With the continuous emergence of new technologies and social awareness, communication formats will develop even further in the future. Advertising and media standards are adjusting. Social behavior will be affected next.

Thing about how this applies to news alerts or relationship management programs. Maybe their right. It's time we start thinking again.

Monday, June 27, 2005

The True Key Performance Indicator for Technology

I was discussing with a couple of Key Account Managers yesterday, Dan French from Consider (collaboration software) and Ralph Heinzelmann of BEA (portal solutions). We were discussing the true value of technology and how we should measure that value.

We tend to look at traditional, single point ROI measurement that are filled with assumptions about a certain ‘call to action’ or other KPIs that indicate an economic benefit for the company. In my world of integrated channel communication, these assumptions have built in elasticity that are effectively self-prophesying. In short, they are wrong and are used for budgetary support, if you catch my drift...

These are very complex measurements and there isn't a single solution but, in essence, what are we really trying to do? What do we really want?

My proposal is that we want our organizations to think faster, be a proactive competitor and react faster to competitive behavior, truly understand our customers better, take more calculated risks that results in lower failure rates and most importantly, trust each other so that we are more open and honest with our decision making.

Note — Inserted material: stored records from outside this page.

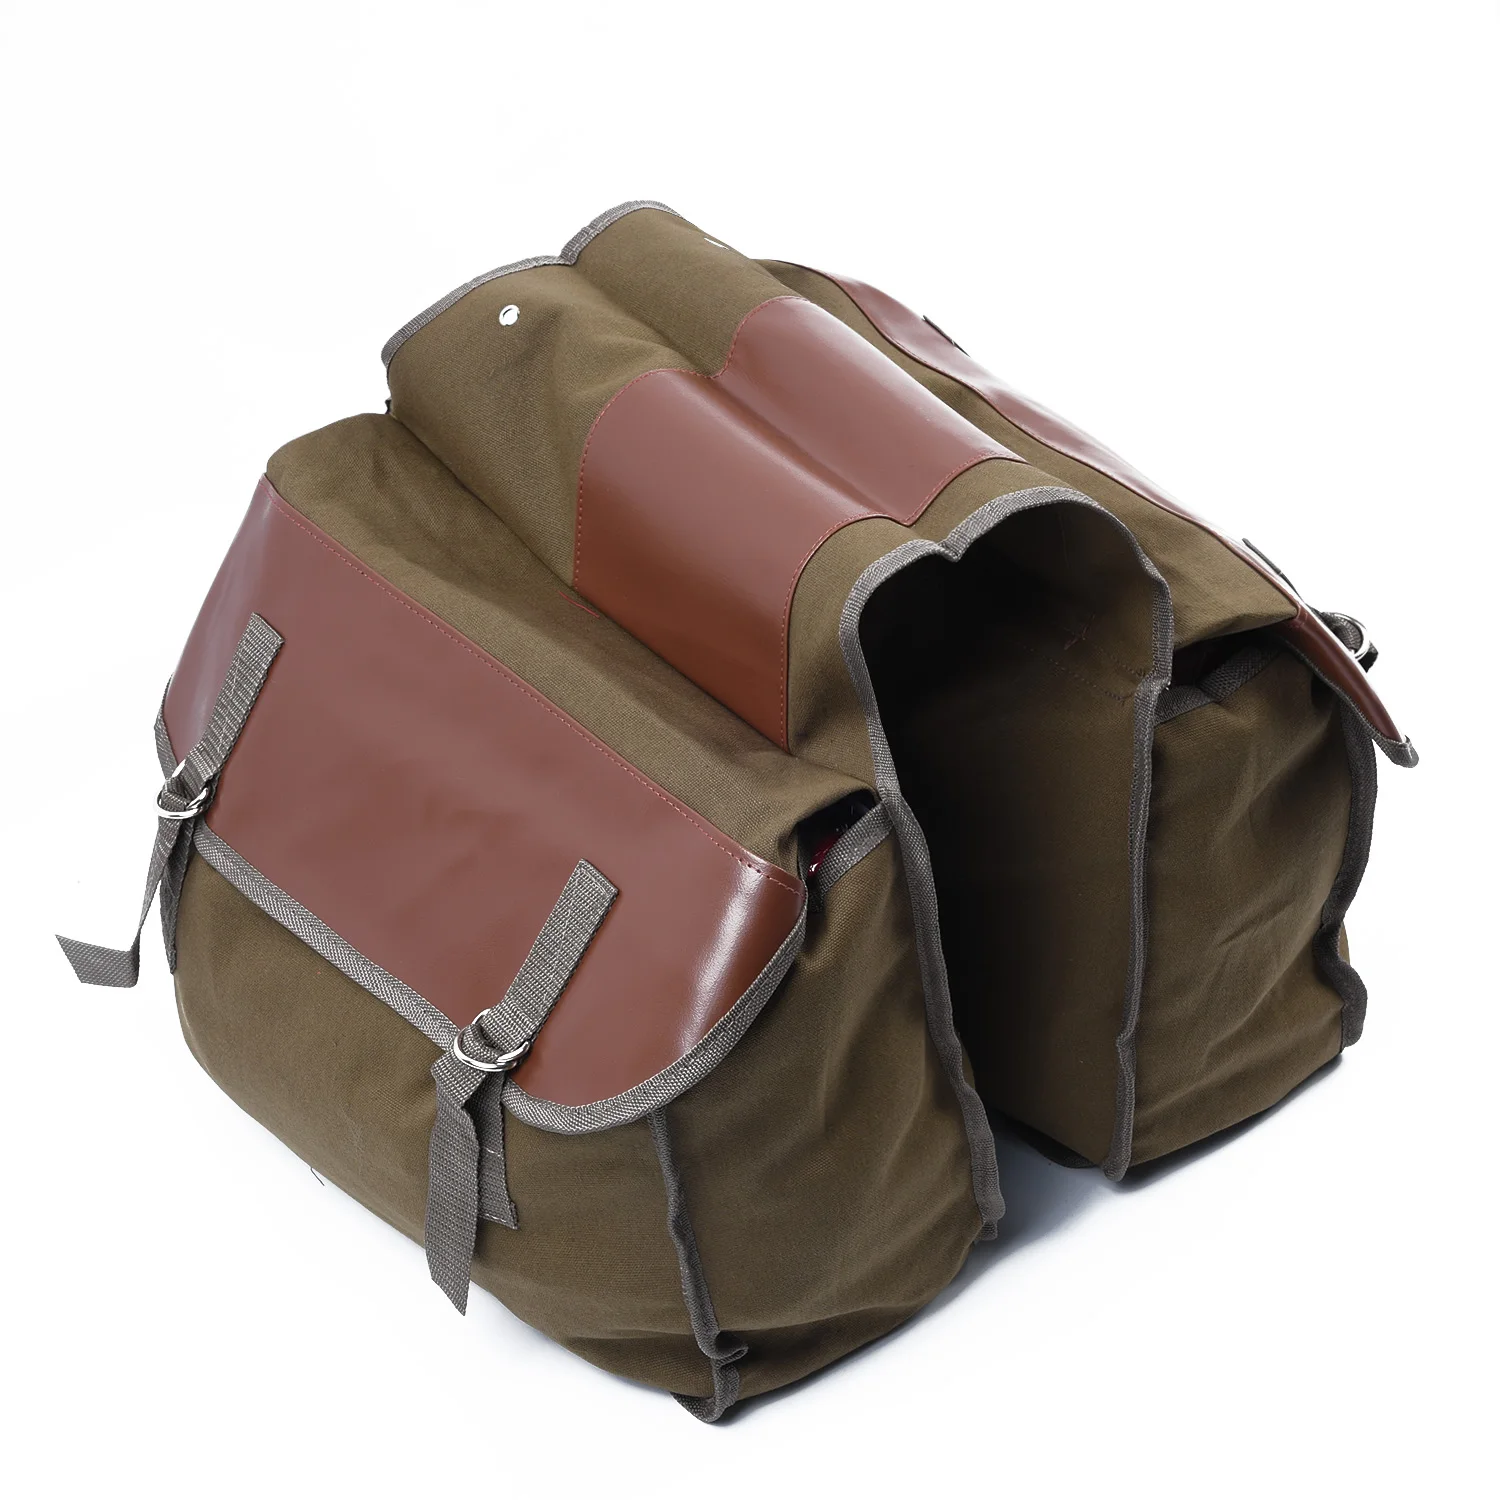 Мотоциклетная парусиновая боковая седельная сумка Equine Back Pack для Ha-ley Sportster, мотоциклетный рюкзак, седельная сумка с 2 карманами для Hon/da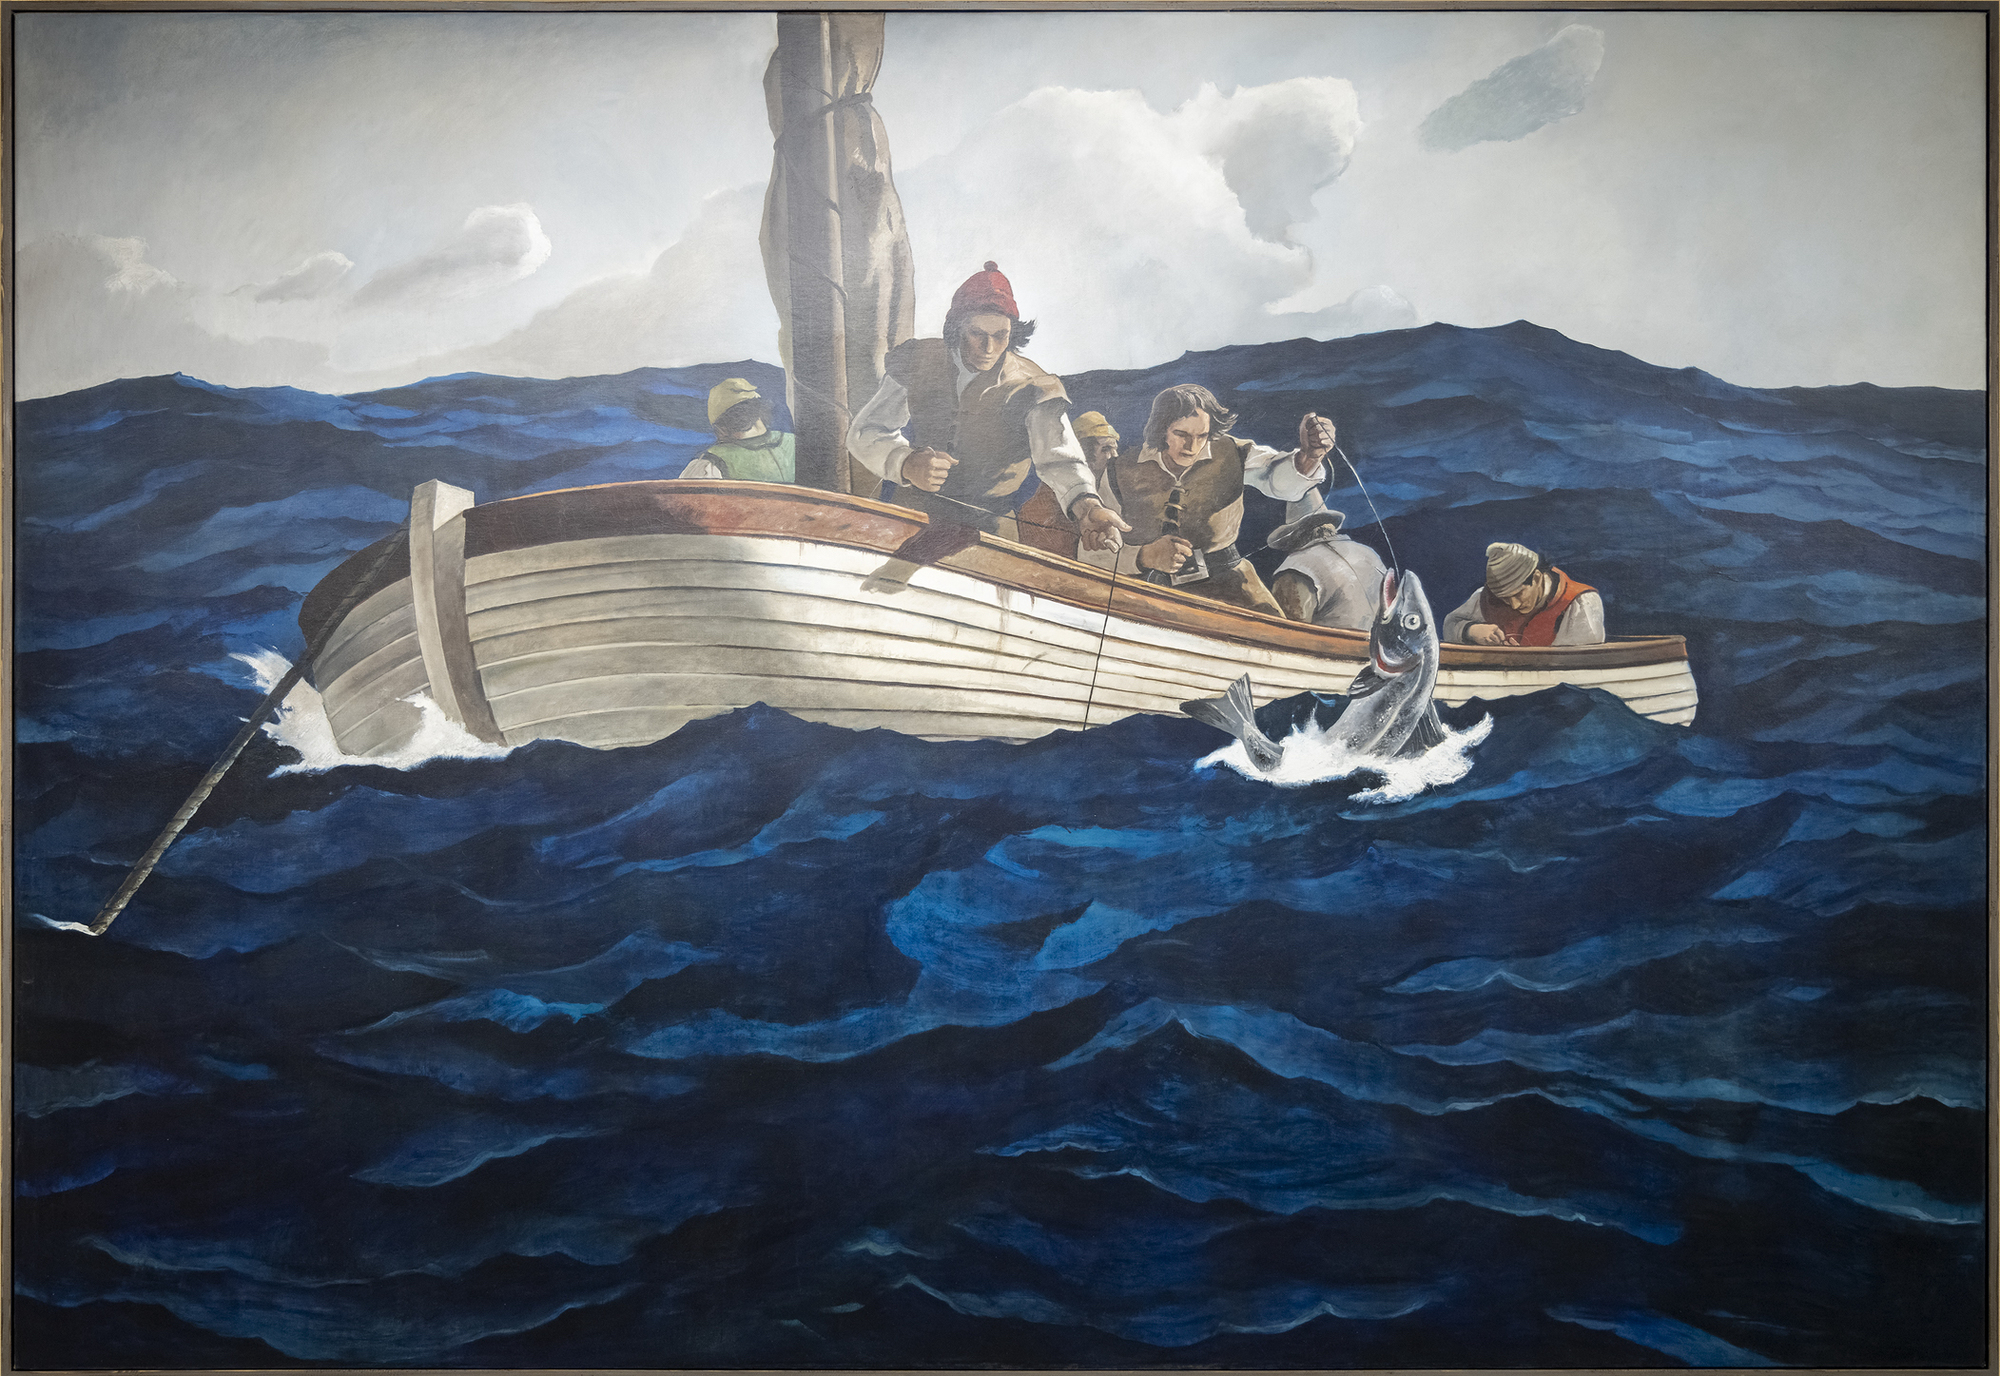 Andrew Wyeth & N. C. Wyeth - Puritan Cod Fishers - oil on canvas - 108 1/2 x 157 1/2 in.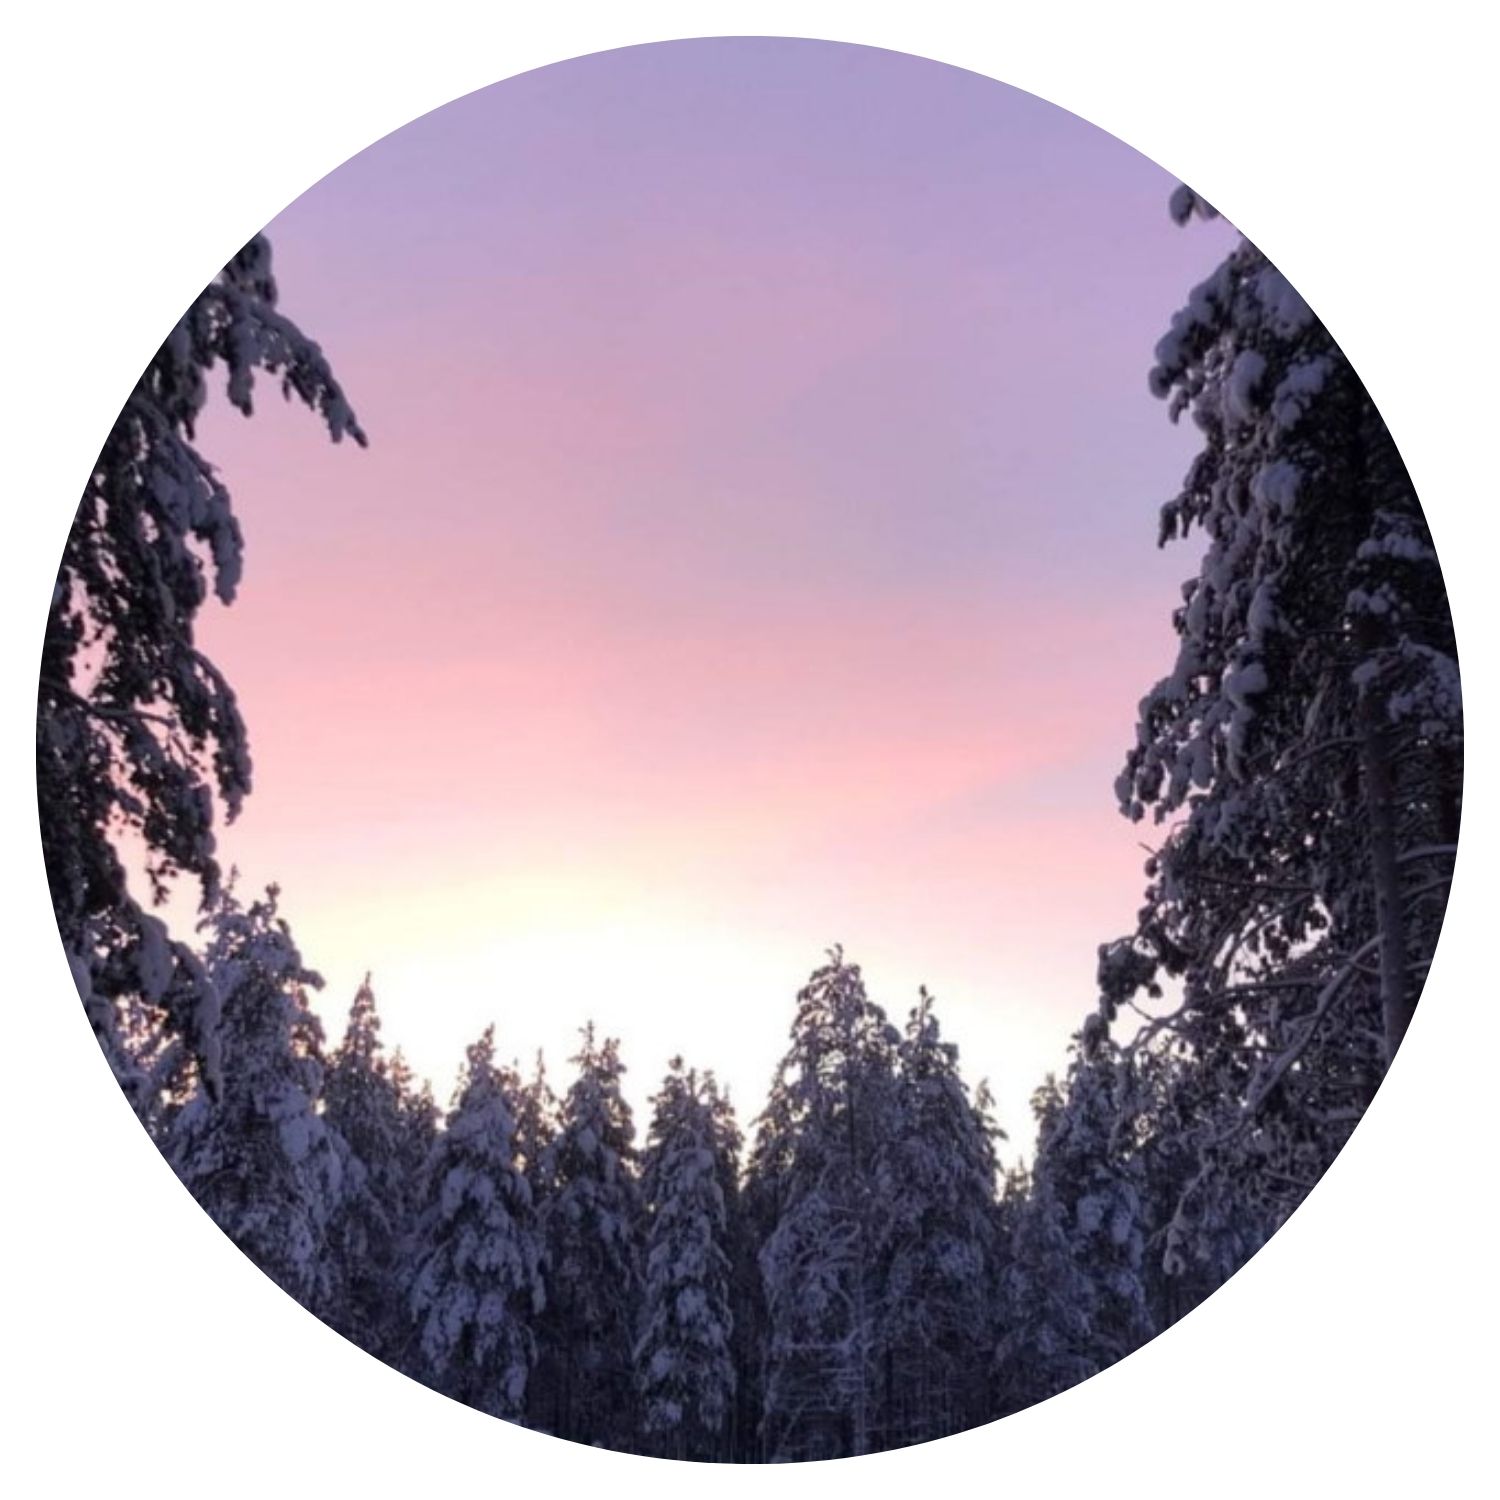 Une photo capturée lors d'un lever de soleil depuis le cœur d'une forêt couverte de neige en Finlande, avec une vue sur les pointes des sapins et un ciel aux teintes violet et orangé.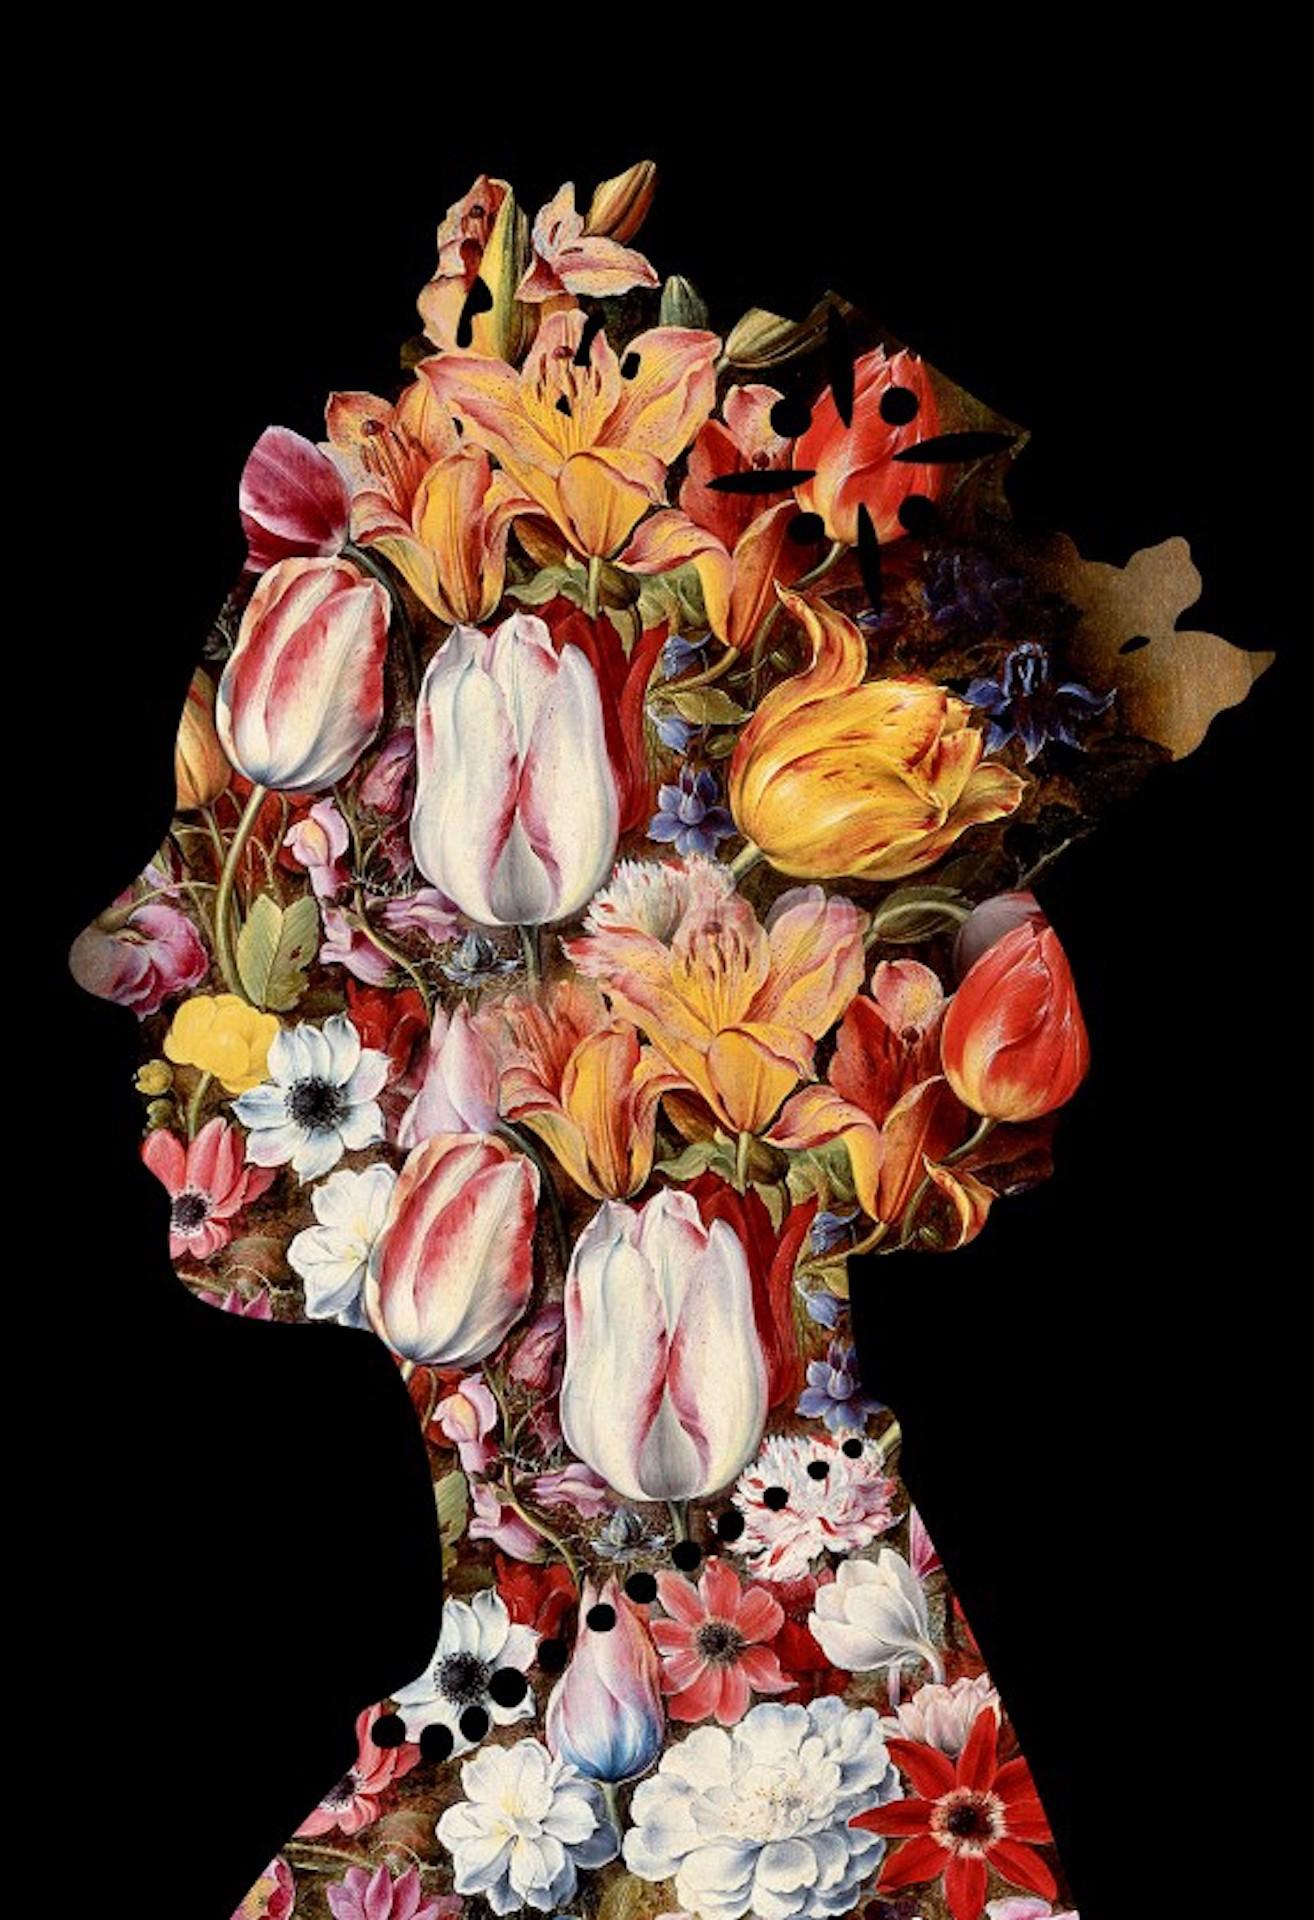 Une reine (2), Art floral contemporain, Reine Elizabeth II, impressions numériques

Isn't that the real purpose of introducing technology into an organization.

Complexity theory is an emerging field of study in science and technology. Fundamentally, a system is complex when it is linear understanding, simple cause and effect relationships, and beyond analysis by the standard methods of systems analysis. This can be seen in 'siloed' organizations.

Complex systems are ones in which patterns can be seen and understood, but interplay of individual elements cannot be reduced to the study of individual elements or measured by single point ROI tools. Web metrics are a good example. A website has no value in itself. How it integrates into your communication efforts and positively changes a readers behavior is the value. The measurement has to be done along the whole decision making pathway ... from, 'I have an ache to I have a prescription' and from offline to online to offline. It's that pathway that represents the true ROI measure, not the individual stops along the way - they only 'support' the true ROI.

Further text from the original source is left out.